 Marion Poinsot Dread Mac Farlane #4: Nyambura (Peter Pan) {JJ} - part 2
========
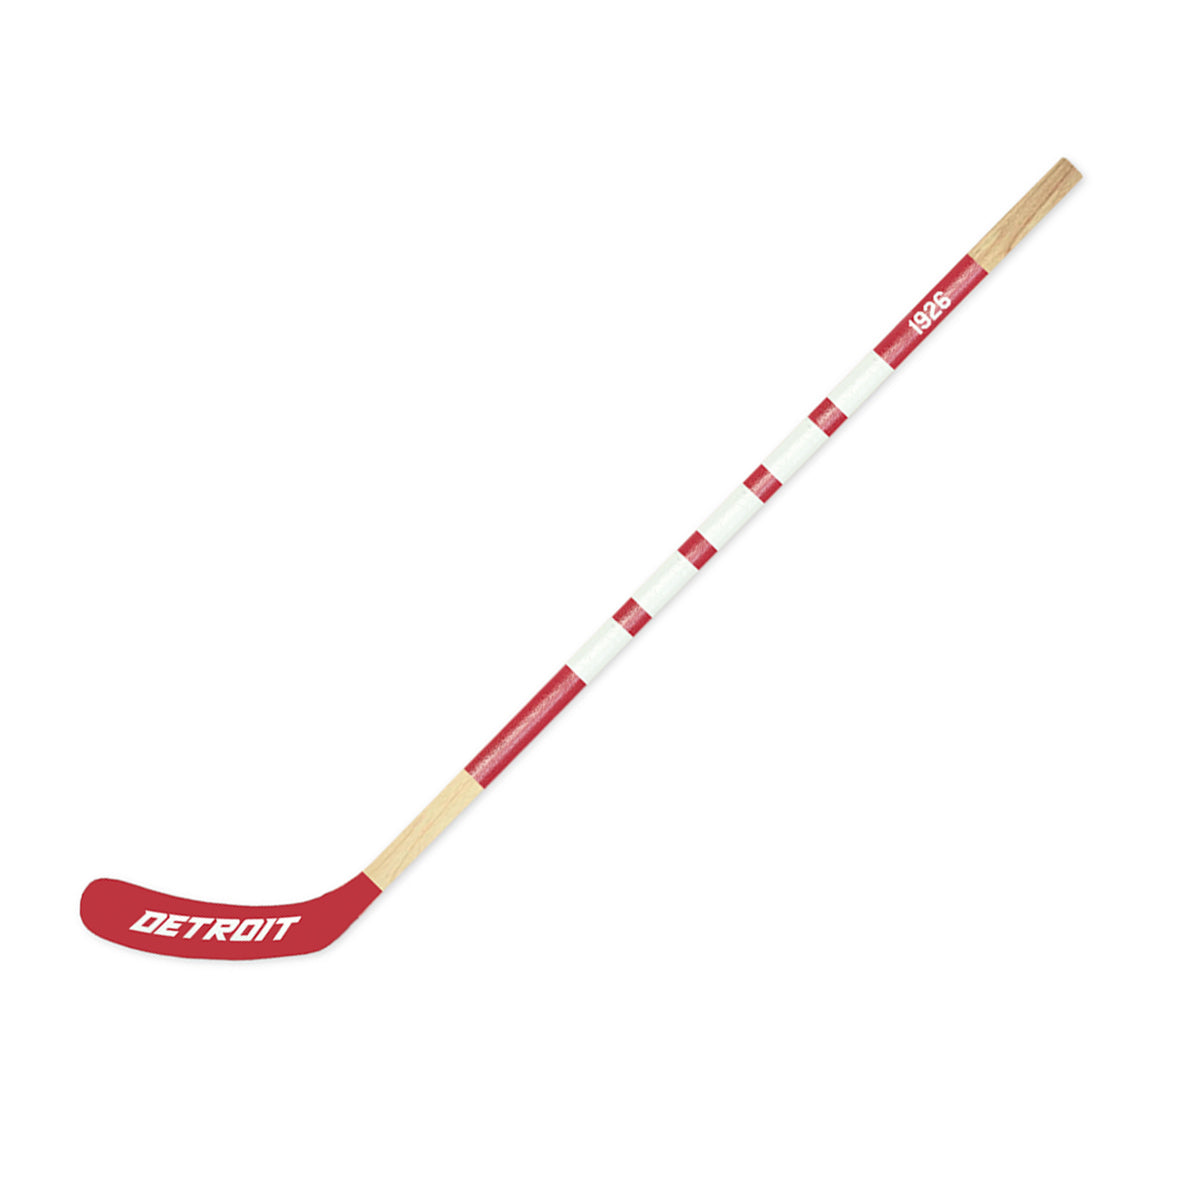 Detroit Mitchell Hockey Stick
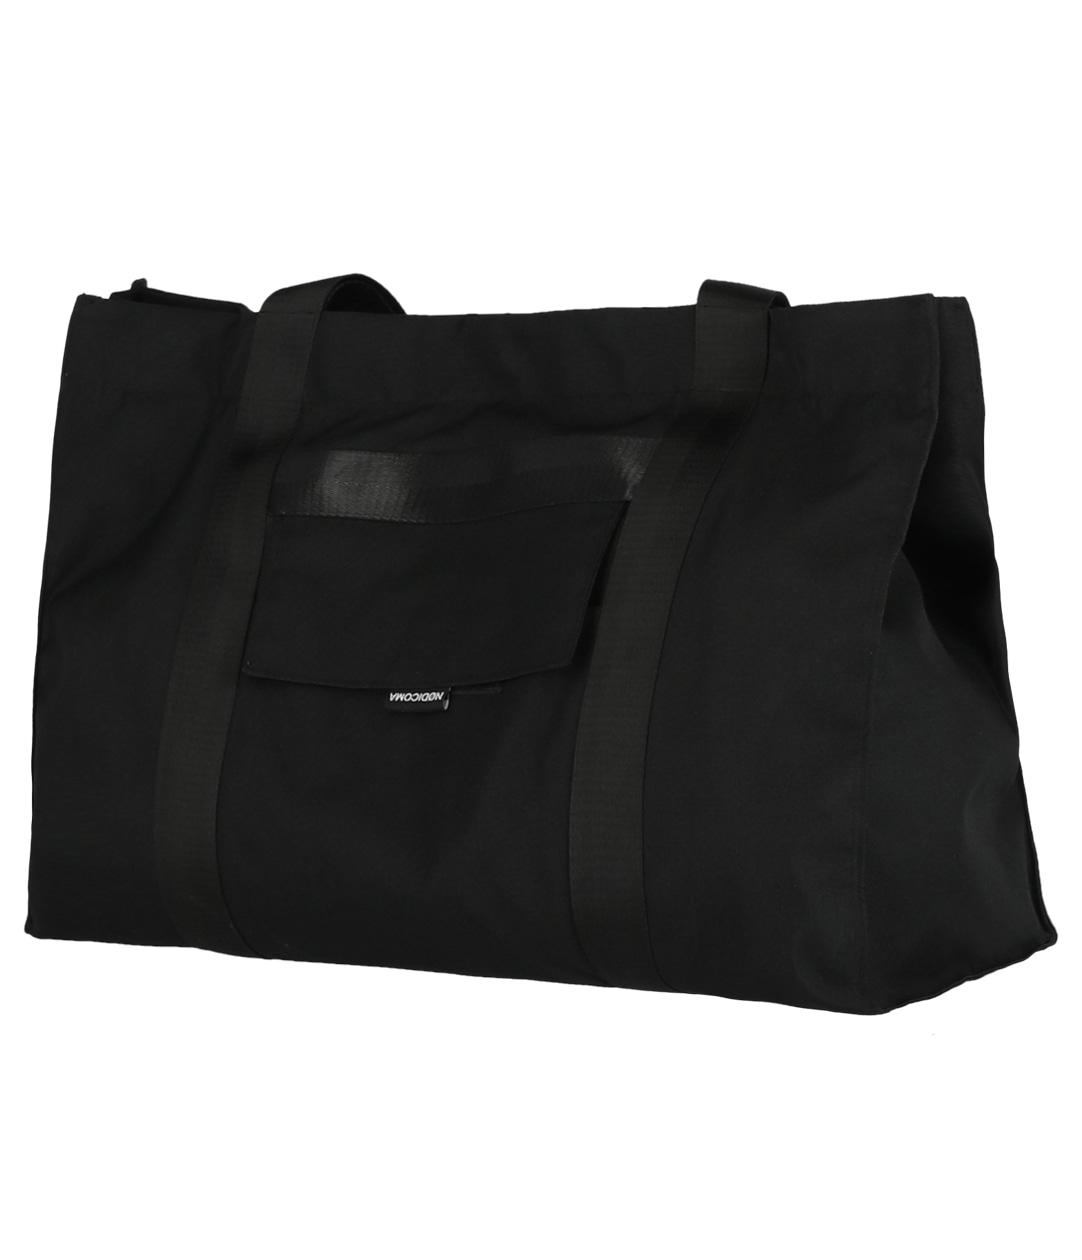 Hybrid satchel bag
========
» **EXERCISE**:
In the listing above, find the line containing "Detroit Mitchell Hockey Stick" and the line containing "Hybrid satchel bag". Print those two lines and every line between them exactly, with no pictures.

» **YOUR RESPONSE**:
 Detroit Mitchell Hockey Stick
 Hybrid satchel bag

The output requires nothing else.